We present a rare case of a collision tumor comprising a malignant perivascular epithelioid cell tumor (PEComa) of the thyroid combined with a tiny invasive follicular carcinoma (FTC) in a 72-year-old female patient. The patient presented to the hospital with a painless anterior cervical mass discovered one month prior, and examination revealed a 50 mm × 30 mm mass in the left lobe of the thyroid gland. Ultrasound showed multiple solid and mixed lesions with gross calcifications in both thyroid lobes. The patient underwent total resection of the left thyroid and isthmus plus right subtotal resection. Histopathological examination revealed two distinct tumor components in the left lobe: immunohistochemistry revealed a PEComa component (HMB45+/SMA+/Desmin+, Ki-67 about 50%, P53 missense mutation) and a follicular carcinoma component (TTF-1+/PAX8+/TPO+, Ki-67 about 3% and P53 wild-type). The two components were well demarcated without mutual migration, meeting the diagnostic criteria for collision tumors. This case represents the first reported collision tumor combining thyroid PEComa and FTC, with immunohistochemistry confirming the independent origins of both tumors. The findings expand our understanding of thyroid tumor varieties and highlight the crucial role of Ultrasound and histopathology in diagnosing and managing complex thyroid tumors, serving as a valuable reference for similar cases.

Introduction

Thyroid tumors are common endocrine system malignancies. Their pathologic classification of thyroid tumors has been continually refined with the advancement of diagnostic techniques. Beyond classical types like papillary and follicular carcinoma, some rare tumors with special differentiation characteristics have been gradually recognized in recent years. Among them, perivascular epithelioid cell tumor (PEComa), as a mesenchymal origin tumor expressing both melanocyte and smooth muscle markers, has been reported in thyroid primary tumors in an extremely limited manner. According to the available literature, case reports of thyroid PEComa are rare worldwide (1, 2), and its clinicopathological features remain to be further elucidated.

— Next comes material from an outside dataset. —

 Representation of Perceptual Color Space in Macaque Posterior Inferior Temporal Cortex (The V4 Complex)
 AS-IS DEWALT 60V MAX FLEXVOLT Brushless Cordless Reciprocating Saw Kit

More notably, the phenomenon of “collision tumor”, in which multiple primary tumors coexist in the same organ, has not been systematically studied in the thyroid gland. Collision tumor is a special pathological phenomenon in which two histologically different tumors coexist independently in the same anatomical site without mutual migration. Current reports of thyroid collision tumors have focused on the coexistence of papillary and follicular thyroid carcinomas (3), whereas there has been no clear documentation of collision tumors between different types of malignant tumors, especially between PEComa and tumors of epithelial origin.

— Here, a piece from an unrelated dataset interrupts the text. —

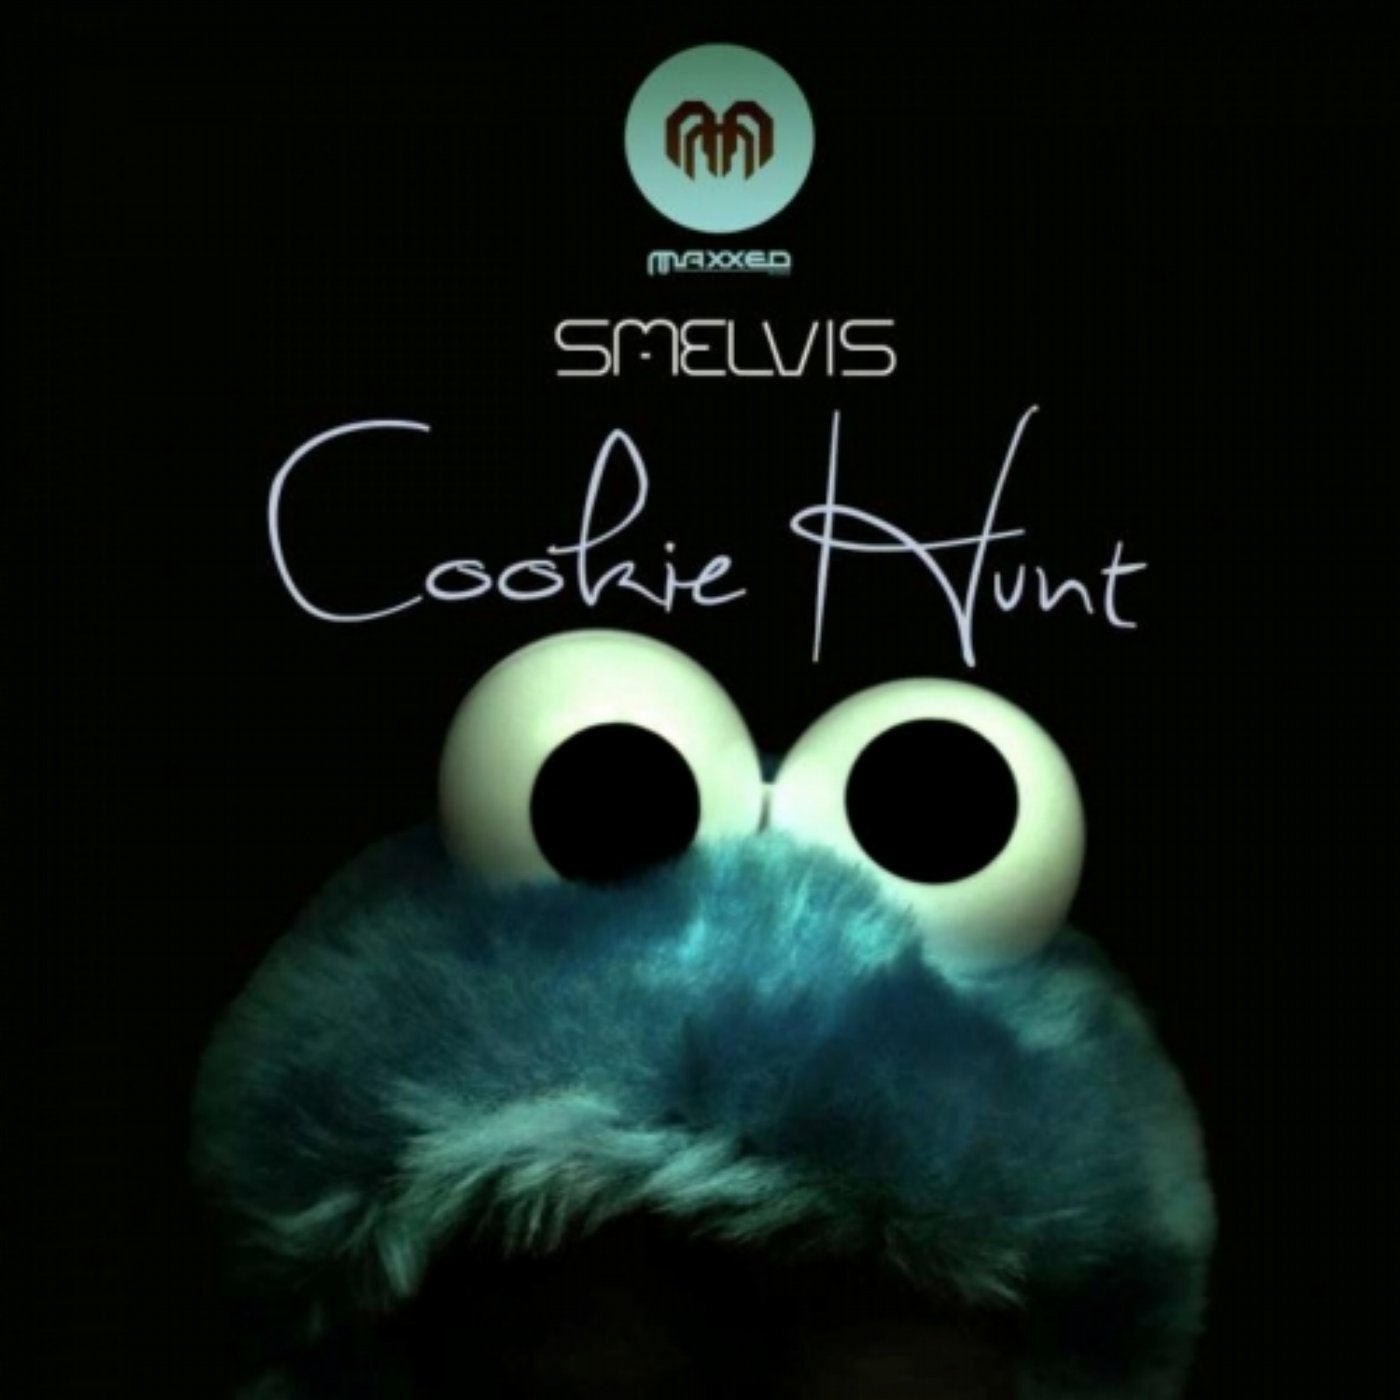 Cookie Hunt EP
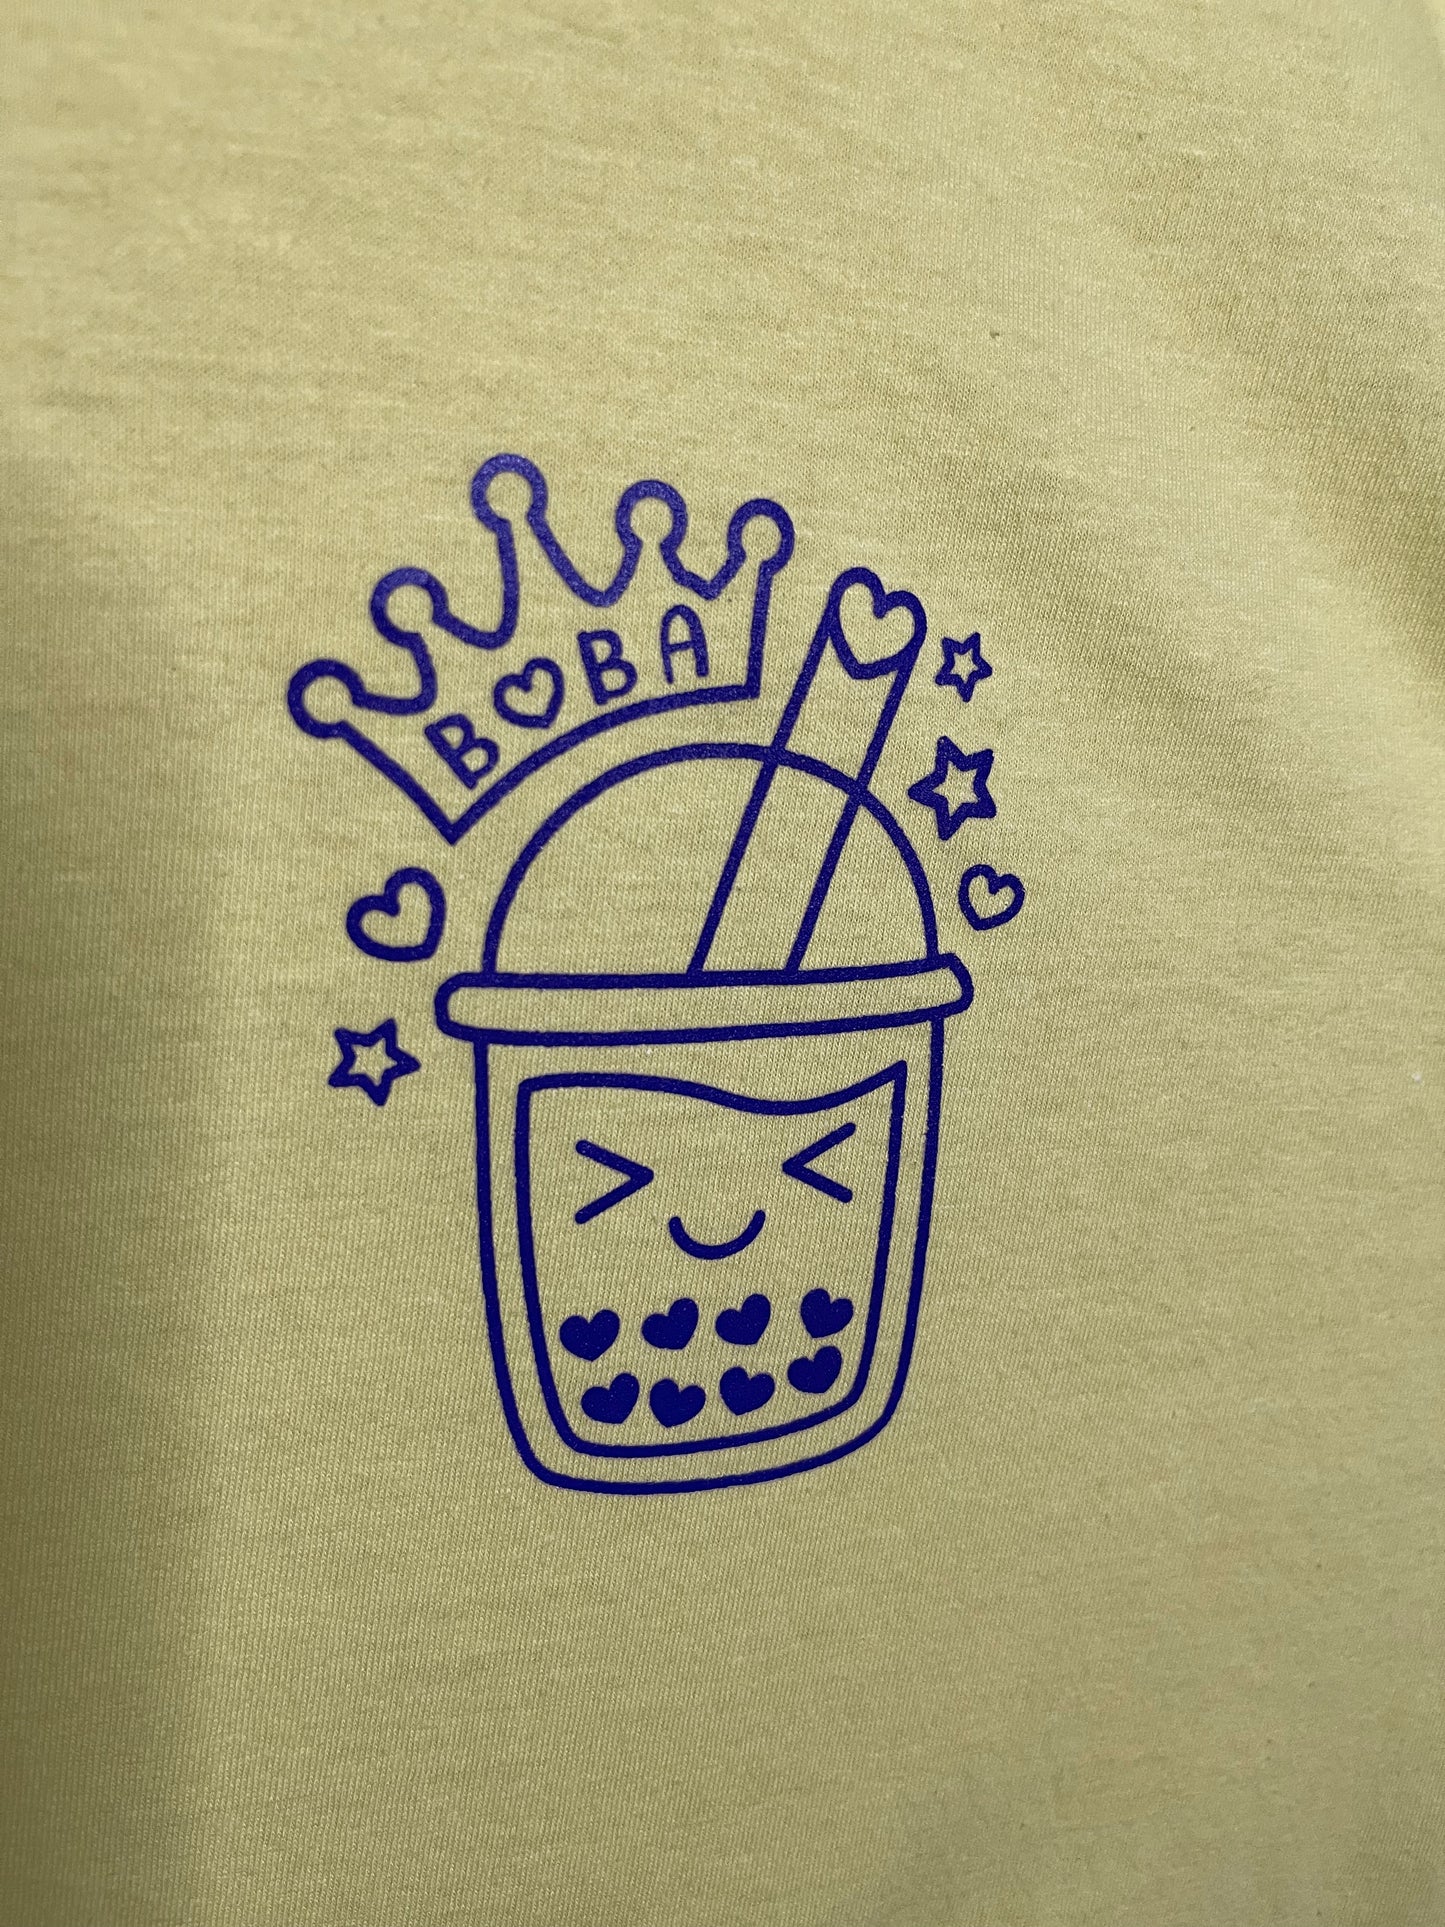 BOBA 👑 KING / QUEEN - T-Shirt - OG Design

In the present study, we report an exceptional case of an elderly female patient with coexisting malignant PEComa and follicular thyroid carcinoma (FTC) in the left lobe of the thyroid gland, which was confirmed to be a typical collision tumor by comprehensive pathologic testing. By systematic immunohistochemical analysis, we demonstrated for the first time the independent coexistence of these two tumors of different origins in the thyroid gland. The reporting of this case will help expand the understanding of the disease spectrum of thyroid tumors and provide a valuable reference for the clinical management of similar cases.

Case presentation

The patient, a 72-year-old woman, was admitted with the main complaint of a painless anterior cervical mass that had been found for one month. A month ago, the patient unintentionally found a swelling in the neck, about the size of a walnut, accompanied by mild dysphagia, with no accompanying symptoms such as redness, swelling, pain, palpitations, hand tremor. There were no family history of thyroid disease and no special hobbies. Specialized examination showed that the left lobe of the thyroid gland was enlarged to the second degree, with a palpable swelling of about 50 mm × 30 mm, medium texture, smooth surface, clear borders, good mobility, no tenderness and skin adhesions. Relevant examinations were conducted, including the three routine tests, coagulation tests, liver and kidney function tests, preoperative blood tests, and electrocardiogram. No significant abnormalities were found. The thyroid function test results showed TT4 163.6 nmol/L (reference range 70-148), FT4 22.1 nmol/L (reference range 12-20.2), TSH 0.370 mIU/L (reference range 0.6-4.8), with TT3 and FT3 being normal. The results of TRAb, TPOAb, and TgAb were also normal. Thyroid ultrasonography showed that the size of the left lobe of the thyroid gland was about 61 mm × 45 mm × 34 mm, and the right lobe was about 51 mm × 12 mm × 13 mm, with the isthmus thickness of about 2 mm. multiple isoechoic masses could be seen in the bilateral lobes, with the largest in the left lobe being about 46 mm × 28 mm, and in the right lobe about 9 mm × 5 mm, with clear boundaries and regular morphology. The border was clear, the morphology was regular, the internal echogenicity was uneven, and irregular liquid dark areas and strong echogenic spots with acoustic shadows could be seen. Color Doppler flow imaging (CDFI) showed that blood flow signals could be seen around and inside the lesion. Imaging diagnosis: Multiple solid and mixed occupying lesions in bilateral lobes of the thyroid gland with gross calcification (nodular goiter with cystic degeneration was considered) (Figures 1A–C).

Figure 1

Figure 1. Preoperative ultrasound and gross appearance of the thyroid collision tumor. (A) Transverse ultrasound view of the thyroid gland demonstrating bilateral lobes and the isthmus. (B) A well-defined, isoechoic nodule (9 mm × 5 mm) in the right thyroid lobe. (C) A large, mixed solid-cystic nodule (46 mm × 28 mm) in the left thyroid lobe. The lesion shows irregular anechoic areas (cystic degeneration) and a hyperechoic focus (yellow triangle), suggestive of gross calcification. (D) Gross photograph of the resected specimens: left thyroid lobe, partial right thyroid lobe, and thyroid isthmus (from left to right).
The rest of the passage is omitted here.